What the task requires: When a line of the entries contains the word "Design", report that line.

Records supplied:
※ ※ ※

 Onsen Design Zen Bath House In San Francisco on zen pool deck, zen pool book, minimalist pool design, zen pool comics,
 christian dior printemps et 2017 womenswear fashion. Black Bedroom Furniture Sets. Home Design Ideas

※ ※ ※

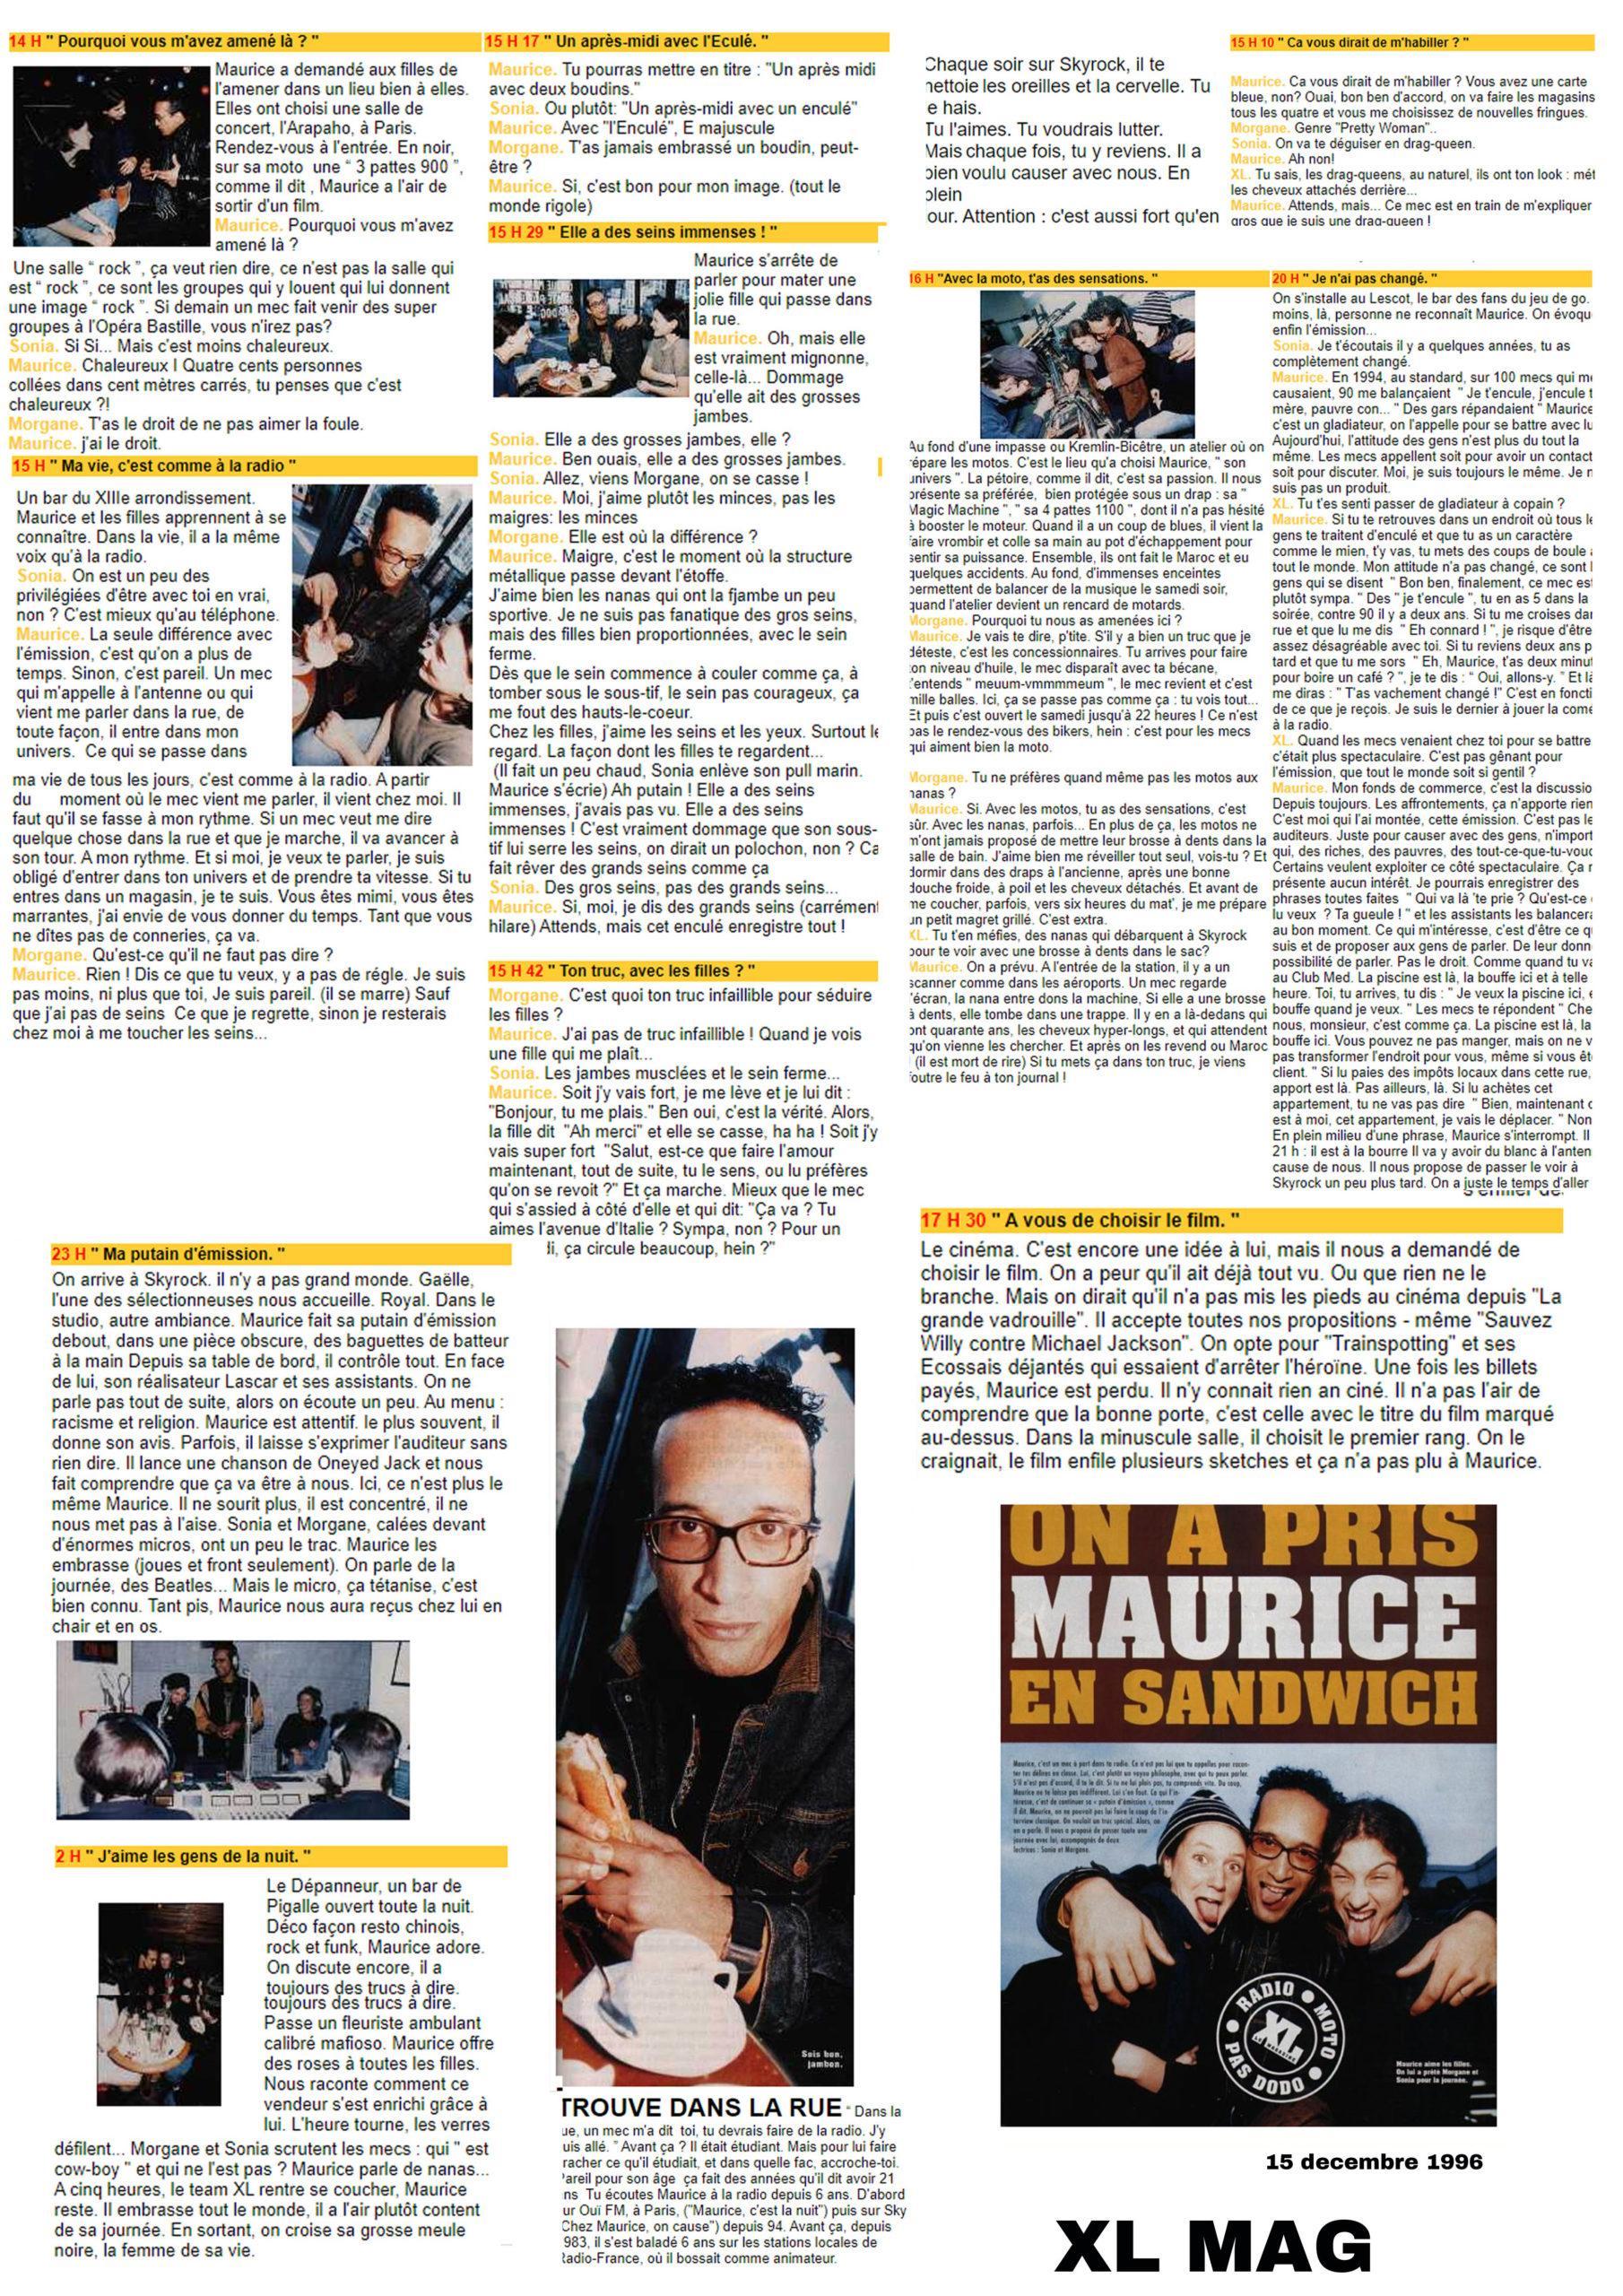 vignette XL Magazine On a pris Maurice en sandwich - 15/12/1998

※ ※ ※

Reply:
 Onsen Design Zen Bath House In San Francisco on zen pool deck, zen pool book, minimalist pool design, zen pool comics,
 christian dior printemps et 2017 womenswear fashion. Black Bedroom Furniture Sets. Home Design Ideas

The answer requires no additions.